# Server management



## Th0rn0 (Apr 27, 2009)

Hey all,

I'm going to get a dedicated server and was going to host some game servers on it. The usual, CSS, CoD, L4D and a vent. But, to keep up with costs I was also going to do resale of game servers to people and Clans I've known through the years and years of gaming. I will host everything on my domain www.lanops.co.uk and I have lots of knowledge with servers and linux (epically Ubuntu) so the running and maintenance of the servers aren't not a problem. 

What I want to know is if there is a (free) web based client that allows me to access the servers File system, has a FTP, client accounts and controls and have a billing service. Its alot for free I know but I hardly call paying 3 grand for a piece of software and its license a smart purchase.

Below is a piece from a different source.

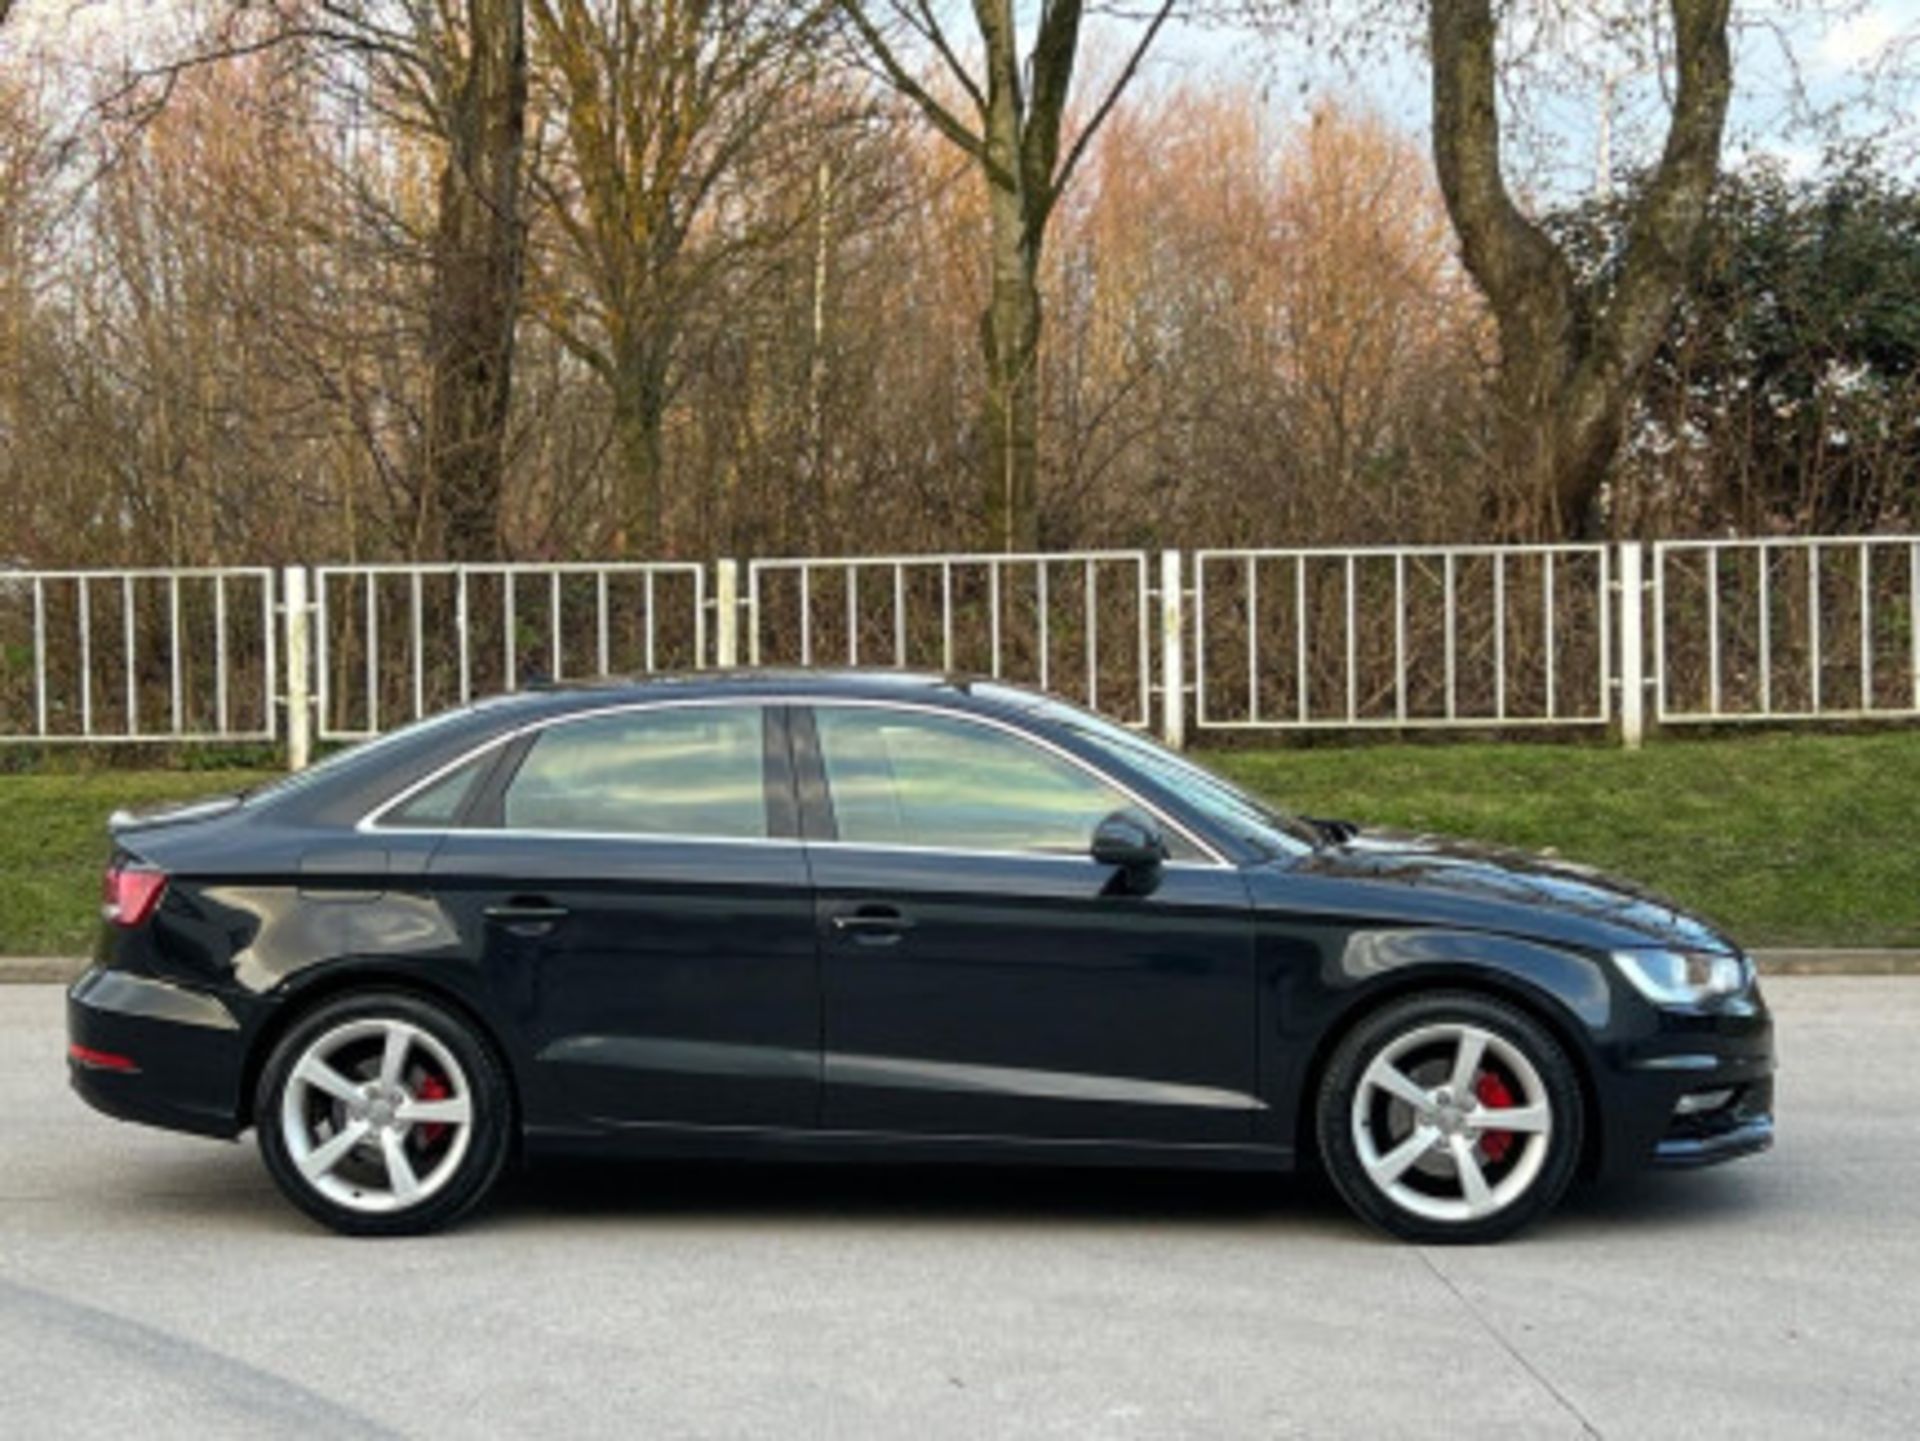 AUDI A3 2.0TDI SPORTBACK - STYLE, PERFORMANCE, AND COMFORT COMBINED >>--NO VAT ON HAMMER--<< - Image 65 of 216

The currently LanOps website is running E107 so if there is a plugin or some way of integrating the system that would be awesome.

Thanks.


----------



## Kweku (Apr 27, 2009)

here are a  couple of links that might help:

http://search.techrepublic.com.com/search/network+file+system+and+operating+systems.html

http://www.sharewareconnection.com/titles/web-based-file-access.htm


----------



## W1zzard (Apr 27, 2009)

> allows me to access the servers File system
winscp

i think the rest is easiest implemented by yourself in php + some shellscripts


----------



## richardbel (Apr 28, 2009)

thanks for the link.. going to look into it..


----------



## Th0rn0 (Apr 28, 2009)

W1zzard said:


> > allows me to access the servers File system
> winscp
> 
> i think the rest is easiest implemented by yourself in php + some shellscripts



Yea thought that would be it.

Thanks


----------